Andy brought him home, late that night, helping the two ambulance men carry the stretcher up the stairs. Sol was strapped to the stretcher, white faced and unconscious, breathing heavily.
“There was a street fight,” Andy said, “almost a riot when the march started. Sol was in it. He got knocked down. His hip is broken.” He looked at her, unsmiling and tired, as the stretcher was carried in.
“That can be very serious with old people,” he said.
5
There was a thin crust of ice on the water, and it crackled and broke when Billy pushed the can down through it. As he climbed back up the stairs he saw that another rusted metal step had been exposed. They had dipped a lot of water out of the compartment, but it still appeared to be at least half full.
“There’s a little ice on top, but I don’t think it can freeze all the way down solid,” he told Peter as he closed and dogged shut the door. “There’s still plenty of water there, plenty.”
He measured the water carefully every day and locked the door on it as though it were a bank vault full of money. Why not? It was as good as money. As long as the water shortage continued they could get a good price for it, all the D’s they needed to keep warm and eat well.
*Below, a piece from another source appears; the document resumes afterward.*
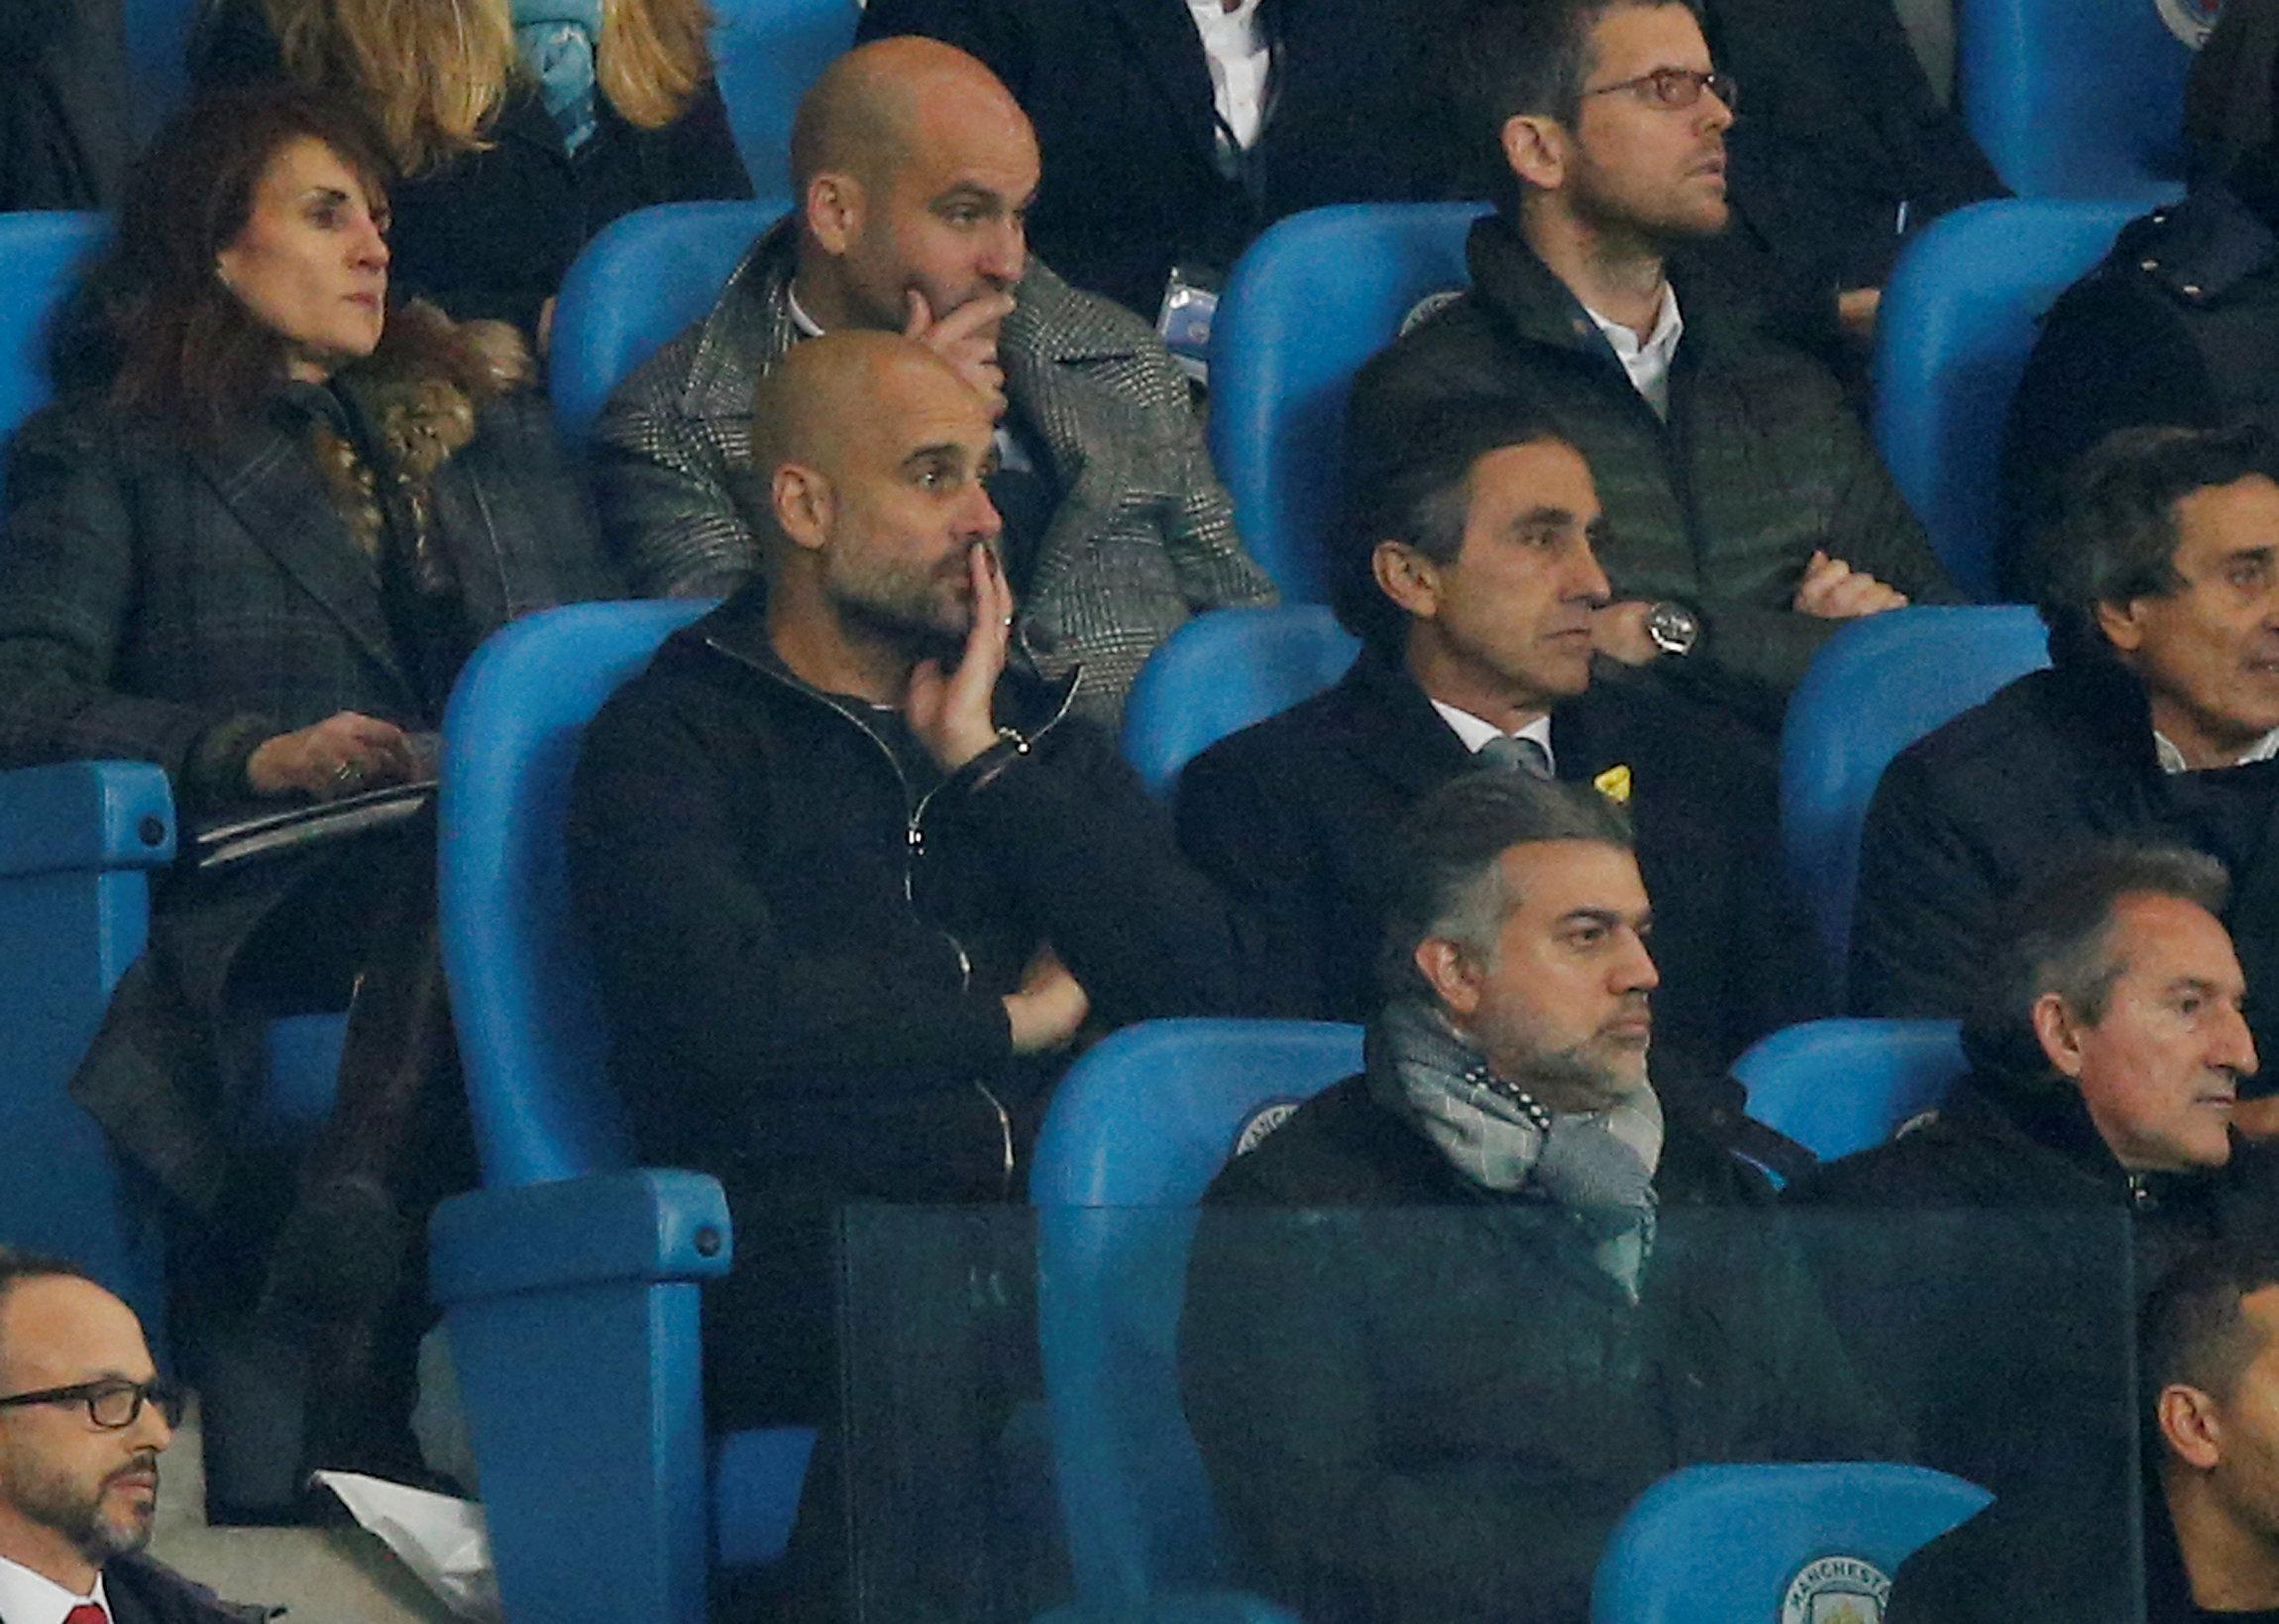 HLV Guardiola theo dõi M.C thi đấu trên khán đài trong hiệp 2. Ảnh: REUTERS

“How about that, Pete?” he said, hanging the can from the bracket over the seacoal fire. “Did you ever stop to think that we can eat this water? Because we can sell it and buy food, that’s why.”
Peter squatted on his hams, staring fixedly out the door, and paid no attention until Billy shouted to him and repeated what he had said. Peter shook his head, unhappily.
“Whose God is their belly, and whose glory is in their shame,” he intoned. “I have explained to you, Billy, we are approaching the end of all material things. If you covet them you are lost…”
“So — are you lost? You’re wearing clothes bought with that water and eating the grub — so what do you mean?”
“I eat simply to exist for the Day,” he answered solemnly, squinting through the open door at the watery November sun. “We are so close, just a few weeks now, it is hard to believe. Soon it will be days. What a blessing that it should come during our lifetimes.” He pulled himself to his feet and went out; Billy could hear him climbing down to the ground.